[Dataset excerpt]
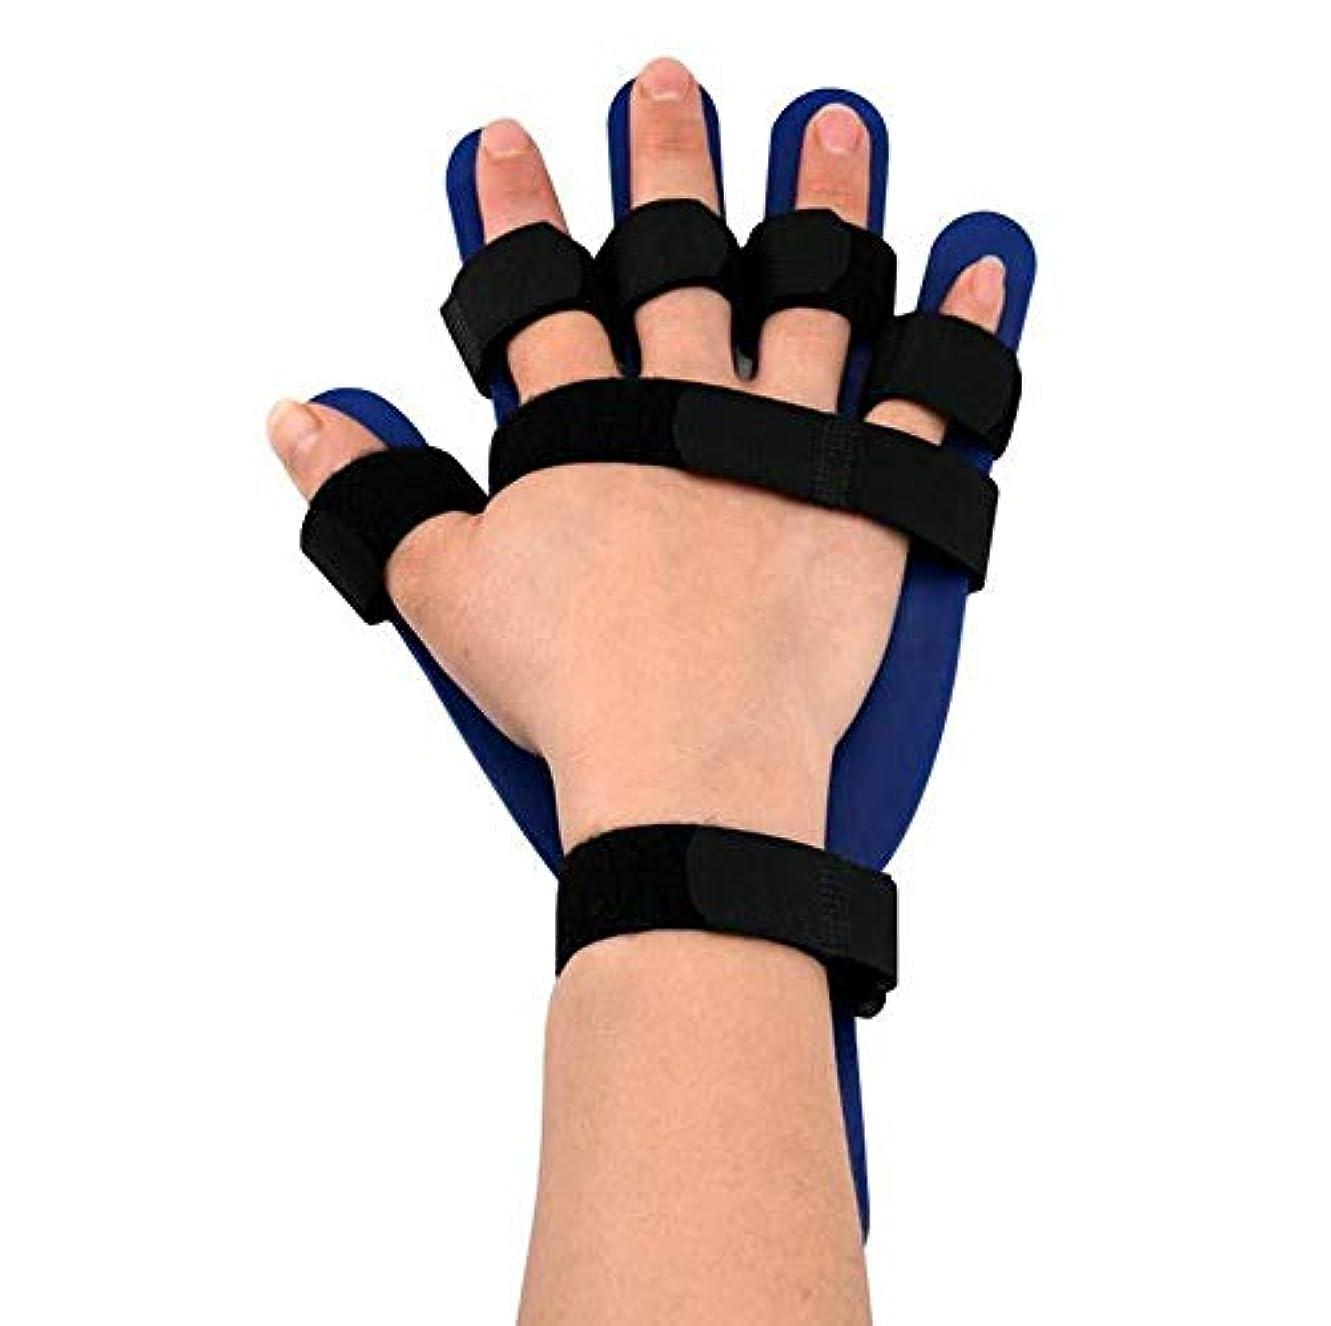 見つけるコミット全体親指サポートトリガーフィンガースプリント、右手首スプリントユニセックスフィンガープレート,Right Hand
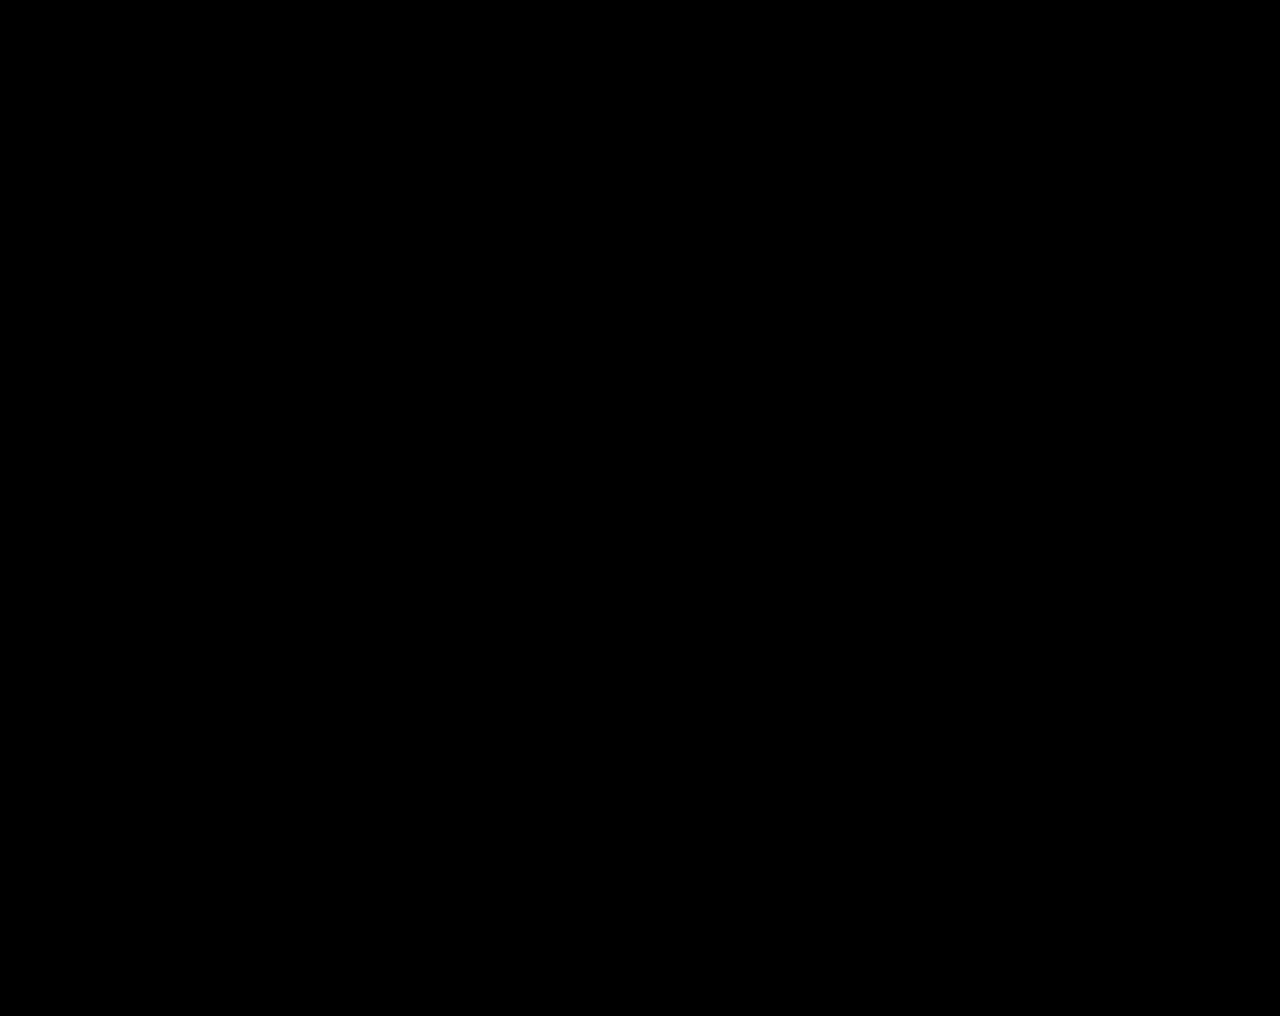 Australia kangaroo silhouette animal. Dolphin clipart poseidon
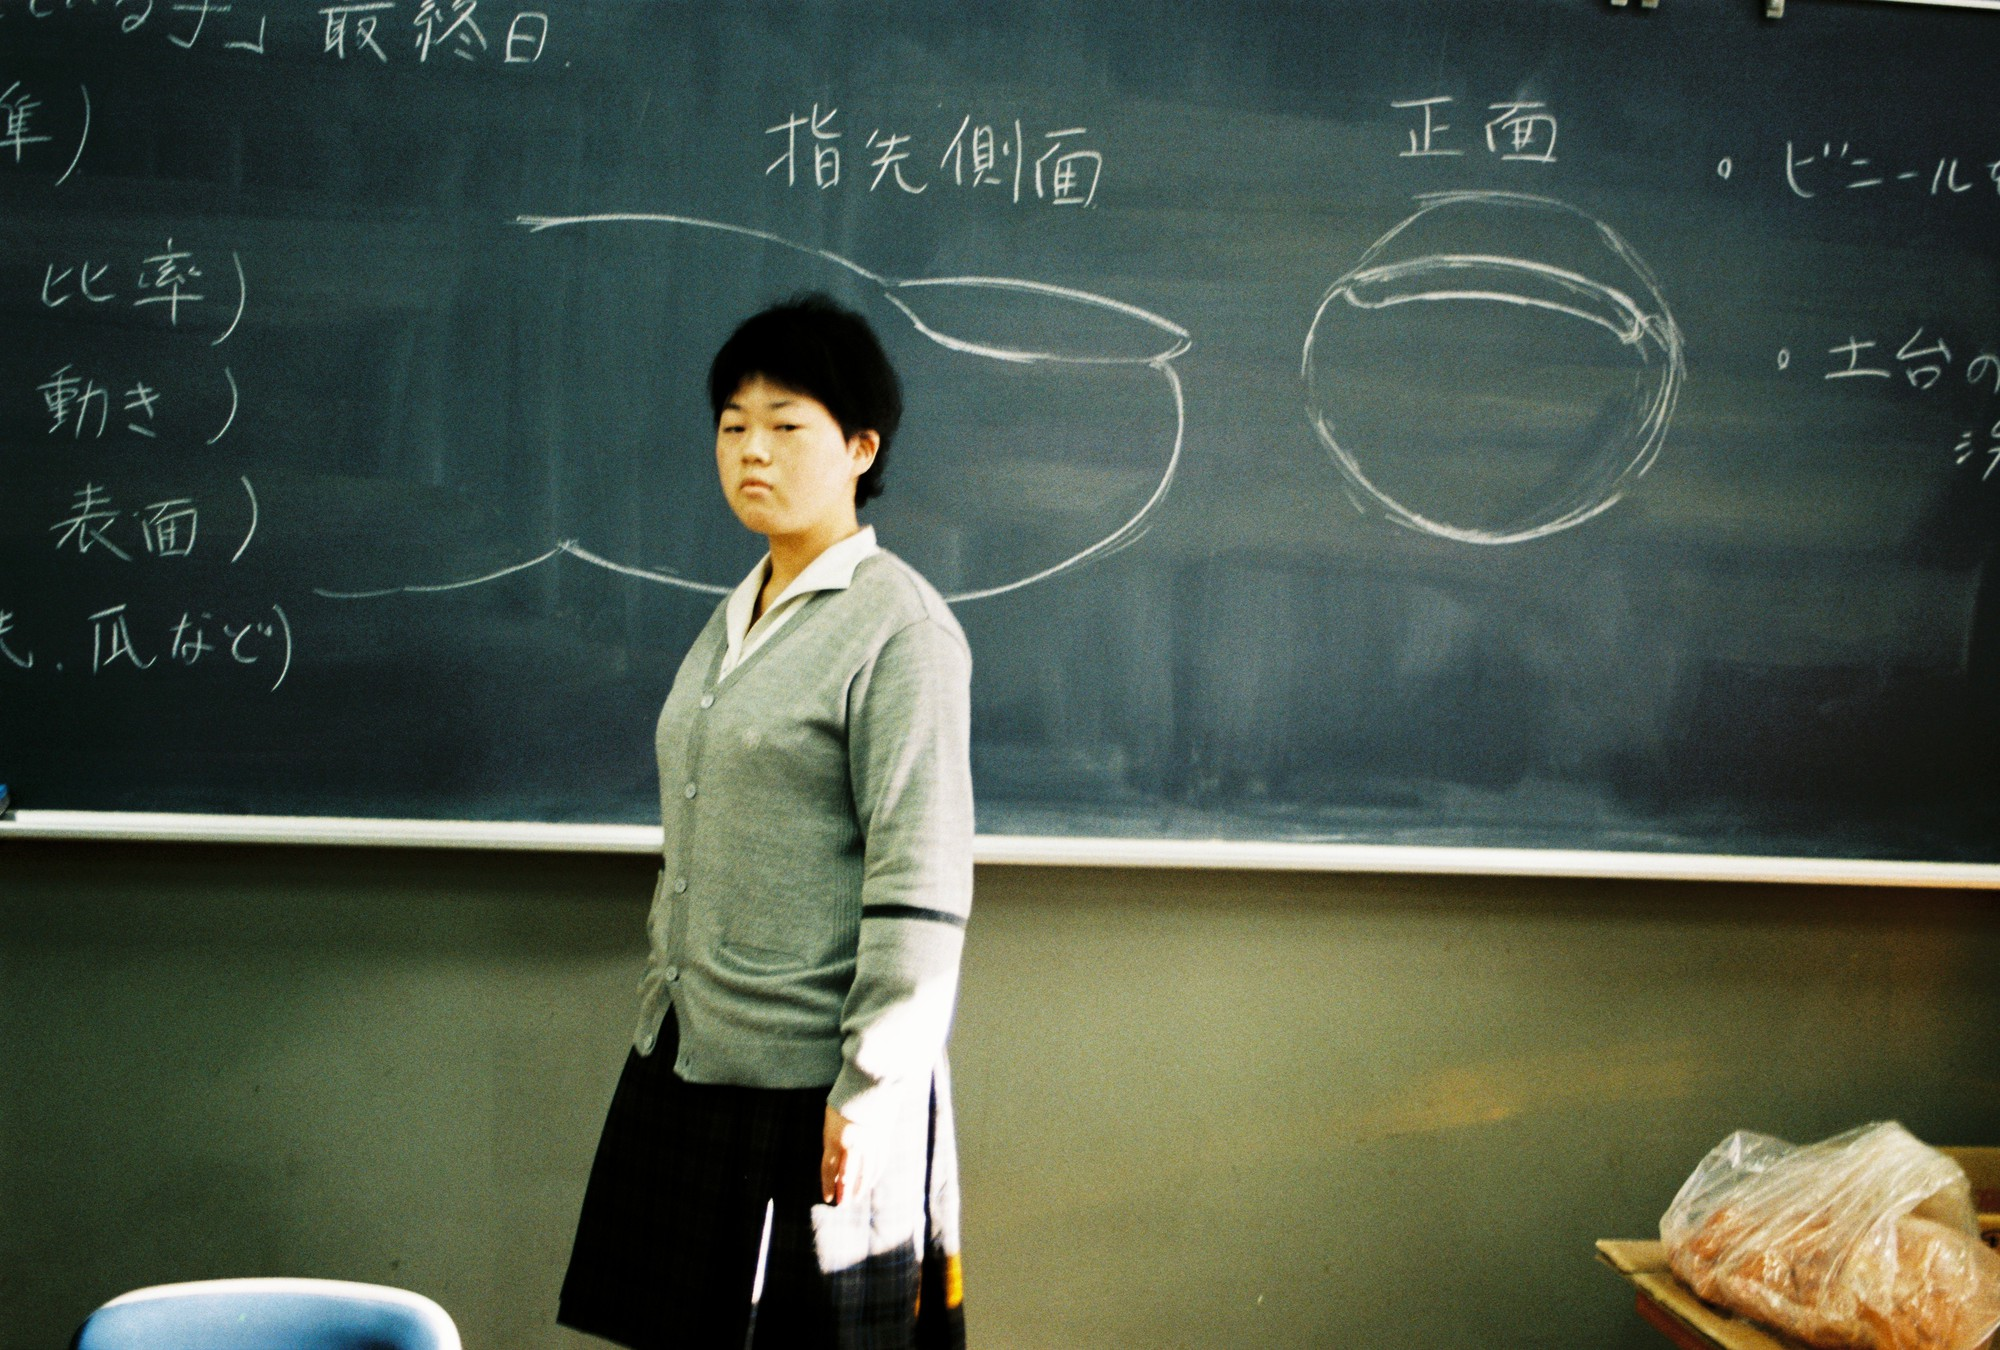 Bộ ảnh độc đáo lột tả cuộc sống nữ sinh trung học Nhật Bản những giờ phút bên ngoài giảng đường - Ảnh 12.

[Your goal]
Give back, word for word, the lines from the one containing "Australia kangaroo silhouette" through the last line of the listing above; include both ends and exclude the pictures.

[Your solution]
 Australia kangaroo silhouette animal. Dolphin clipart poseidon
 Bộ ảnh độc đáo lột tả cuộc sống nữ sinh trung học Nhật Bản những giờ phút bên ngoài giảng đường - Ảnh 12.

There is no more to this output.